Entrance Hall

Entrance Hall (Photography: Andrew Midgley)

Entrance Hall (Photography: Andrew Midgley)

Salvin always built in a solid style and at Harlaxton was designing for a bachelor client, Gregory Gregory. The Entrance Hall is notable for this solidity of design, particularly the entrance doors and their brasswork by Gibbons of Wolverhampton. The door jamb is a typical Salvin design, simple but convenient.

Ancaster Quarries Receipt

Ancaster Quarries receipt dated 1839

The Manor is built in Ancaster stone from local quarries owned by Gregory Gregory. It was cheaper for him to own the quarry than to keep buying the stone.

Entrance Hall c.1937 in Violet Van der Elst's time

Entrance Hall c.1937 in Violet Van der Elst’s time

The classical fireplace with pairs of Ionic columns, thought to cover an earlier fireplace, is marble with a hardboard back panel. Dating from early 19th century, it was added by Mrs. Van der Elst in the late 1930s. This eccentric owner fitted black patterned carpet in the hall and up the staircase. It is thought she kept her husband’s ashes in an urn in the hall which got sold by mistake.

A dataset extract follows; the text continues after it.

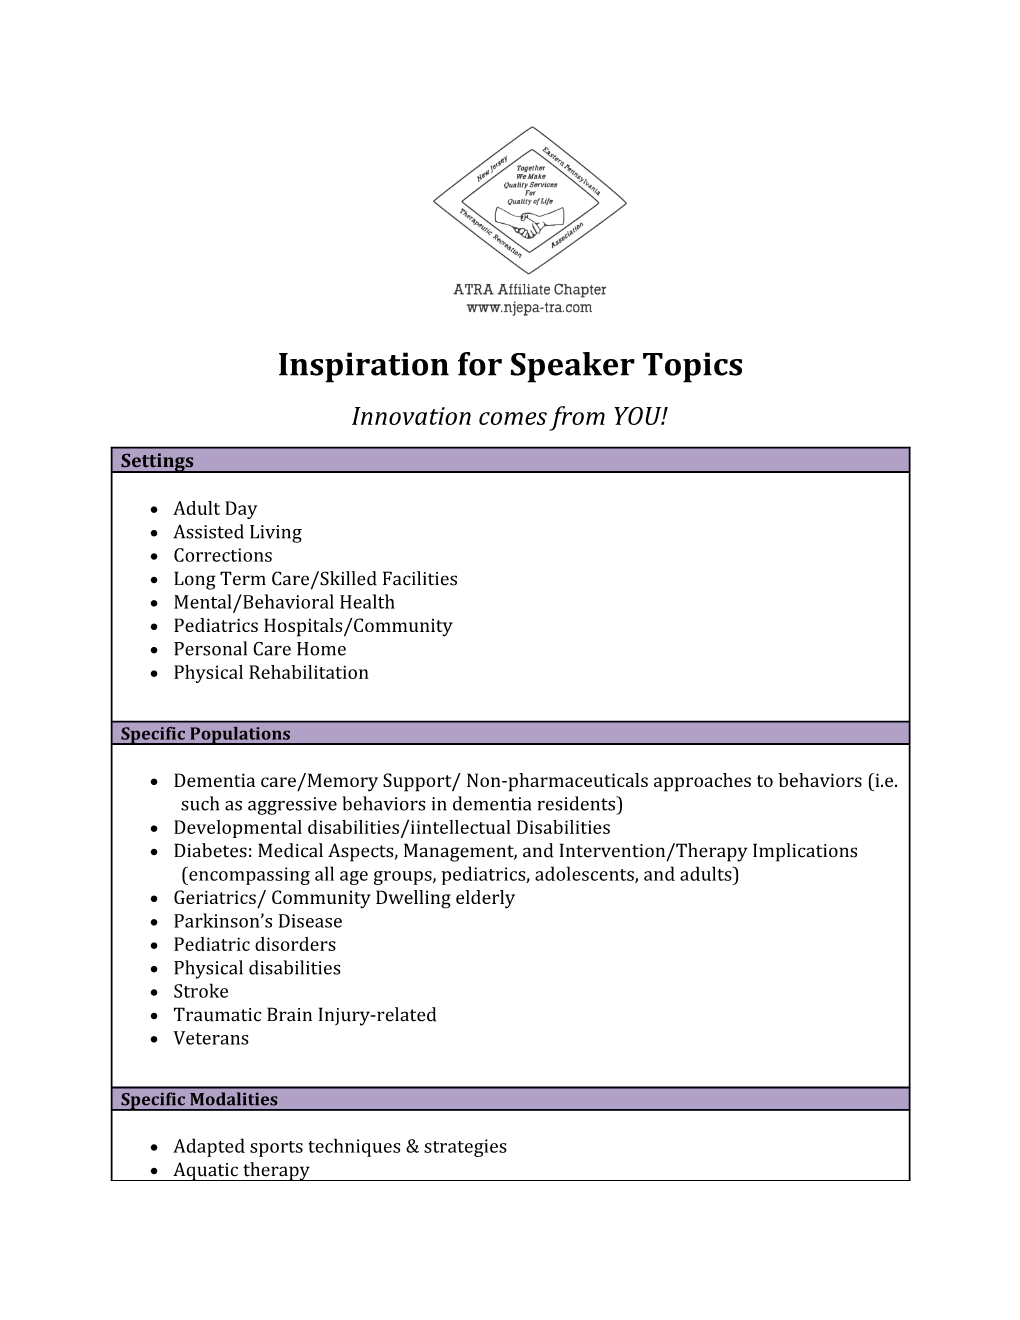 Inspiration for Speaker Topics

The Burmese hardwood side table in serpentine form is dated c. 1850. It has a deep pierced and leaf-carved frieze, on four cabriole legs with lion heads.

 

 

 

 

 

Gregory family shield (Photography: M. Valenzuela)

Gregory family shield (Photography: M. Valenzuela)

De Ligne shield

De Ligne family shield (Photography: M. Valenzuela)

The arch at the foot of the staircase is embellished with family shields: on the right side is the De Ligne coat of arms and on the left that of the Gregory family. The stone trophy of weapons is four feet across.

At the bottom of the stairs, on a square wooden pedestal, is a 19th century stone model of the Medici vase carved in relief with classical figures.

The stone stairs show a mixture of a French Renaissance-style staircase and an ornate Elizabethan ceiling. The emblem – the bosse, as seen on Italian shields – can be seen throughout the Manor.

The ceiling, with its star compartments and pendants, is possibly the work of Francis Bernasconi and Son, Italian plasterers based in London, who were working on Stoke Rochford Hall at the time Harlaxton Manor was being constructed.

Ascending the stairs, resting on a socle, is a plaster bust of a bearded man, dated c. 1840 (moved to storage following renovation works 2016). The carved giltwood chandelier is dated c. 1900 and of a Baroque revival style, fitted for electricity.

On the upper hallway, note the large late 17th century Flemish oak relief of Hercules and Samson with club and jaw bone, above the door at the top of the stairs, most likely a Gregory purchase. There are a  number of Herculean figures and imagery throughout the Manor, for example Herculean ribbon-tied clubs flank the main entrance door. This iconography depicts the concept of “Abundance Through Labour”. Perhaps an inference to harvest, the family crest being three stooks of corn, which were sacred to Ceres, the goddess of agriculture.

Detail of tooled leatherwork from State Dining Room door

Detail of tooled leatherwork from State Dining Room door. (Photography: L. Dawes)

The door to the State Dining Room is a double door to ensure soundproofing, the exterior door covered in a fine specimen of antique tooled leatherwork and varnished.